Знаешь, что еще важно было во всей этой истории? Наверное, это странно, но вся наша деятельность считалась, чуть ли не государственной тайной, а потому домой звонить разрешалось, но для близких я был офицером ПВО, а потому все мои переживания всегда оставались со мной.

Так мы выполнили восемь заданий. А на девятом нас накрыли. Сходу в кольцо взяли и стянули быстро…

Черт! Мысль потерял… Говорят, нужно в таких случаях отвлечься… Гляжу в окно. Небо серое стало, значит уже часа четыре…

Как ты думаешь, что является сердцем группы? Командир – это мозг, а вот что такое сердце? Не знаешь. Сердце – это рация. Ее берегут больше всего. Если рация вышла из строя, то шансов вернуться в аварийном случае, у тебя настолько же мало, как у лабораторной крысы защитить диссертацию. Как и полагалось, ее мы припрятали за камни, включили аварийный маяк, а сами лежим в обороне. Место ничего себе. На пригорке. Минут пятнадцать протянуть можно. А больше и не надо, обычно к этому времени два вертолета подлетают, а после того, воевать уже не с кем. В общем, обошлось на этот раз.

Черт, снова шаги… Опять набрасываю одеяло и ложусь. Проходит мимо. Ну и иди себе с богом, не останавливайся.

– Извини, что прервался. Ты жди меня. Здесь иногда проблемы возникают. Если я задумаю выйти, я тебе обязательно скажу. А так, считай, что авария у меня. Ладно?

– Ладно-ладно. Продолжай.

– Так вот, в тот раз все обошлось. Вернулись все. Знаешь, после этого боя, мы настолько близкими стали, даже ближе, чем братья. Я даже сравнить ни с чем не могу… Дали нам тогда по медали «За отвагу». Потом еще пять забросок, и все тоже самое, а на другой раз велели нам их казармы заминировать. Я тогда на задание без винтовки своей пошел, непривычно было так, обыкновенный десантный автомат за спиной, легенький как игрушечный. Да и задача моя состояла, в основном в том, чтобы «на стреме» стоять, а в случае приближения патруля, подать условный сигнал. Но и на тот раз все обошлось. Так было у нас более тридцати забросок, на моем счету – целых двадцать восемь ликвидаций. Ты знаешь, я только теперь задумываюсь о том, что они мне вроде как ничего не сделали, и почему это я должен был их убивать? А тогда, были они и были мы. И весь мир состоял из этих двух лагерей…
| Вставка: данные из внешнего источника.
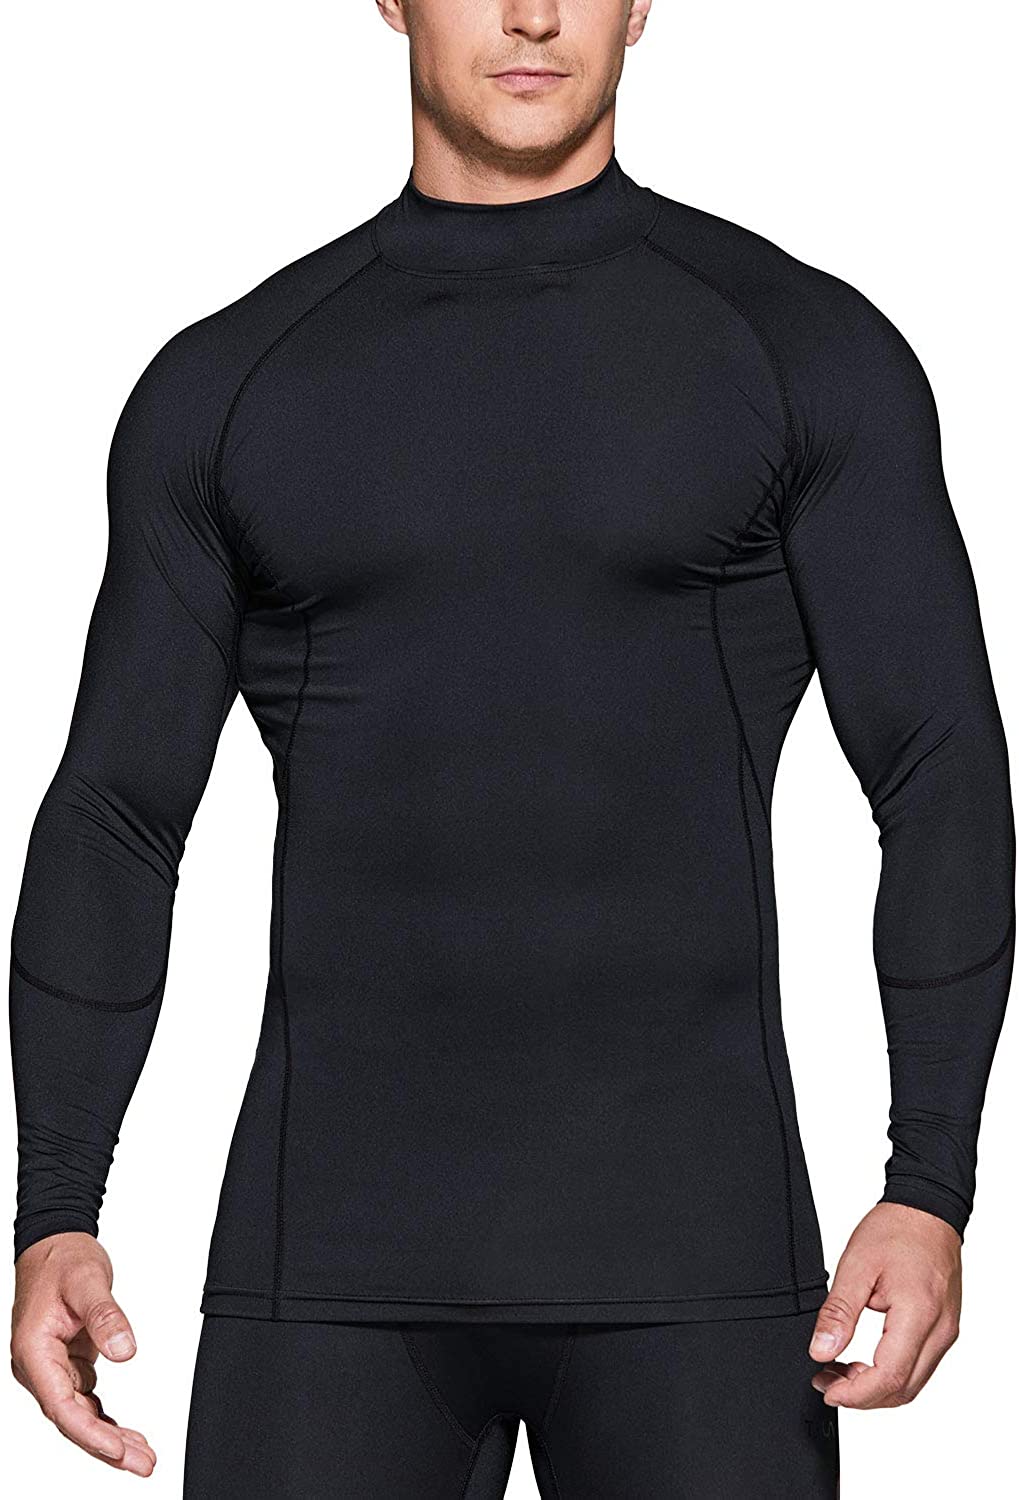 Hommes Entraînement Mock Neck Compression Sous-vêtement à manches longues T-shirt Cool Dry Noir 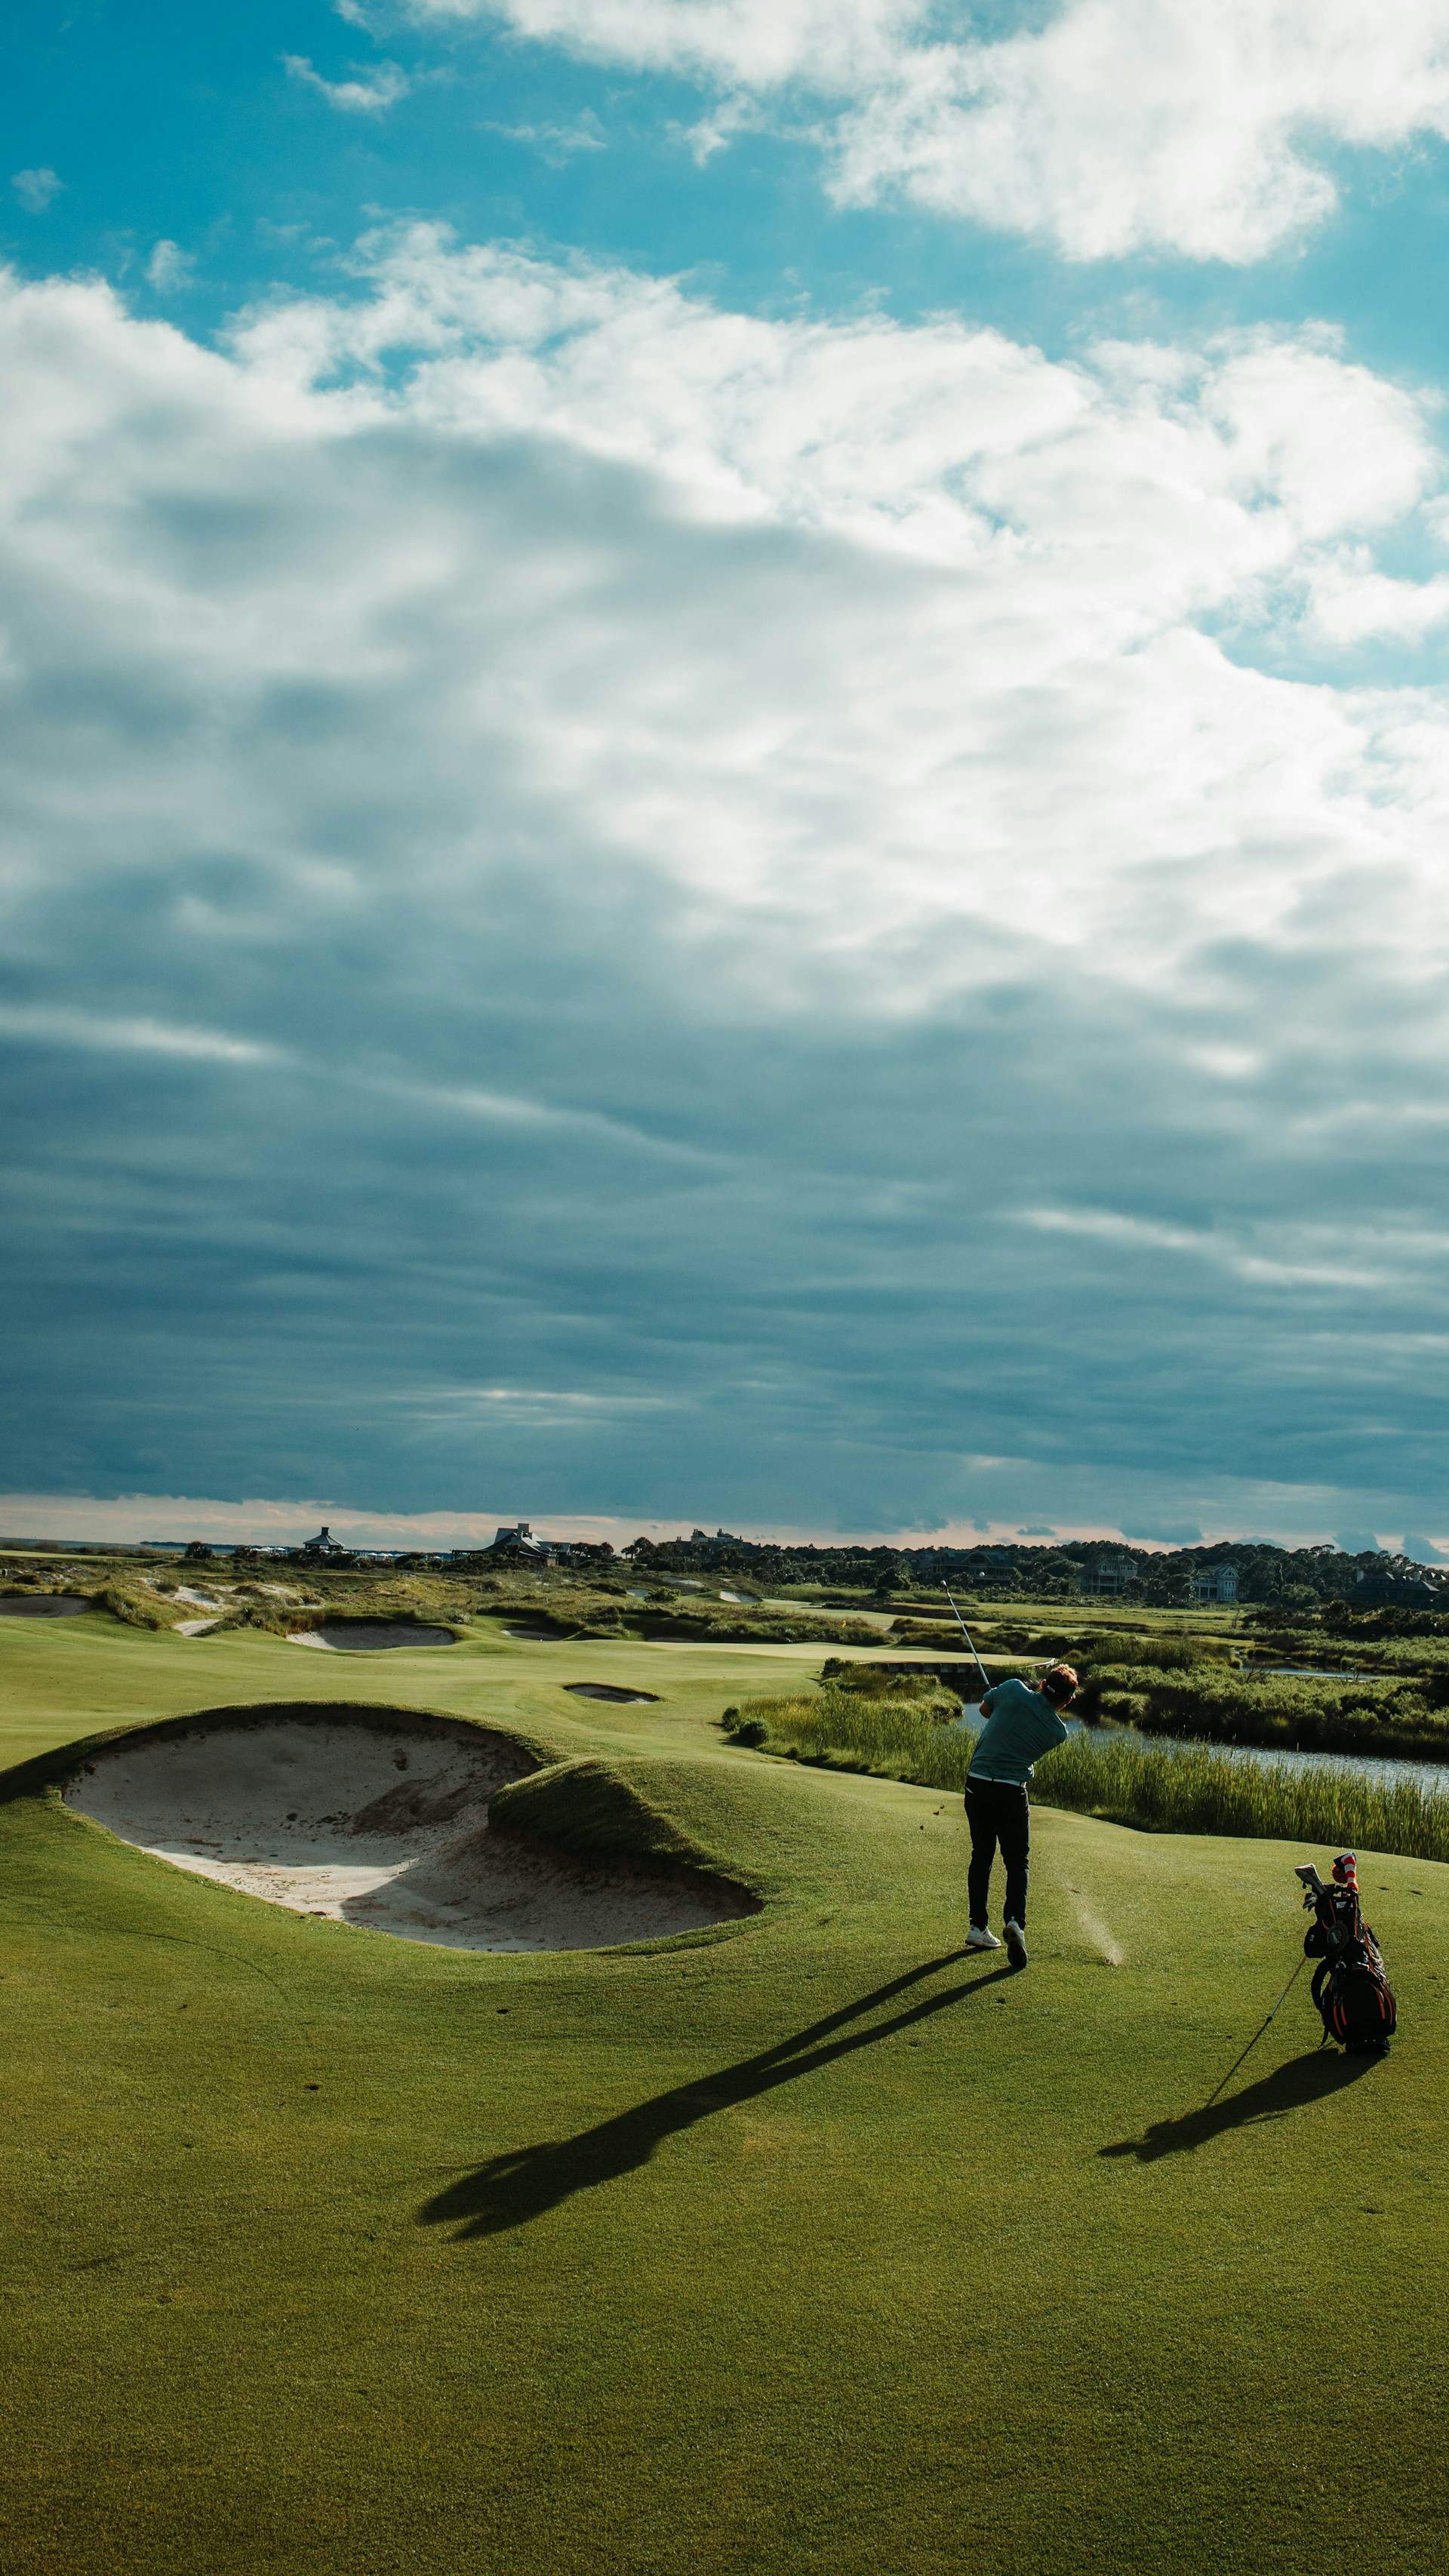 Golf: beneficis físics, mentals i socials

Но вот как-то раз получилась такая каша. В тот самый день, группа пробиралась от места выброски к исходному рубежу. Тихо шли, ночь была, и все вроде бы нормально, никакого пижонства. Не курили, ничего такого. Просто, те уже ждали нас. Я уж и не знаю, кто мог навести, но только иначе быть не могло.

Да, вот, что еще важно. В группе есть три предмета, которые считаются общими, а потому несут их всегда по очереди. Это – рация, десятилитровая канистра с водой и две дополнительных коробки для пулемета. Иногда, по необходимости, добавляют гранатомет, но тогда не было. Да, так вот, тот, кто несет рацию – идет всегда сзади. Это место в строю считается самым безопасным. В тот раз была моя очередь рацию нести.

Мы шли уже часа три, и может быть, чуть устали, а, может быть, чего-то не заметили, не знаю. Тропа была узкой. Слева от нас сбегал вниз довольно крутой склон, сплошная сыпуха с небольшими выступами, а справа – тоже почти отвесная скальная стенка. Все ребята уже повернули за небольшой выступ, а я был как бы с другой стороны еще. И тут раздался мощнейший взрыв – фугас, видимо, заложили на тропе. Упал я на спину и головой сильно стукнулся. Это еще помню, а потом, как бы во сне, я нашарил тумблер аварийного маяка, слава богу, рация уцелела, включил и пополз вперед. Извини…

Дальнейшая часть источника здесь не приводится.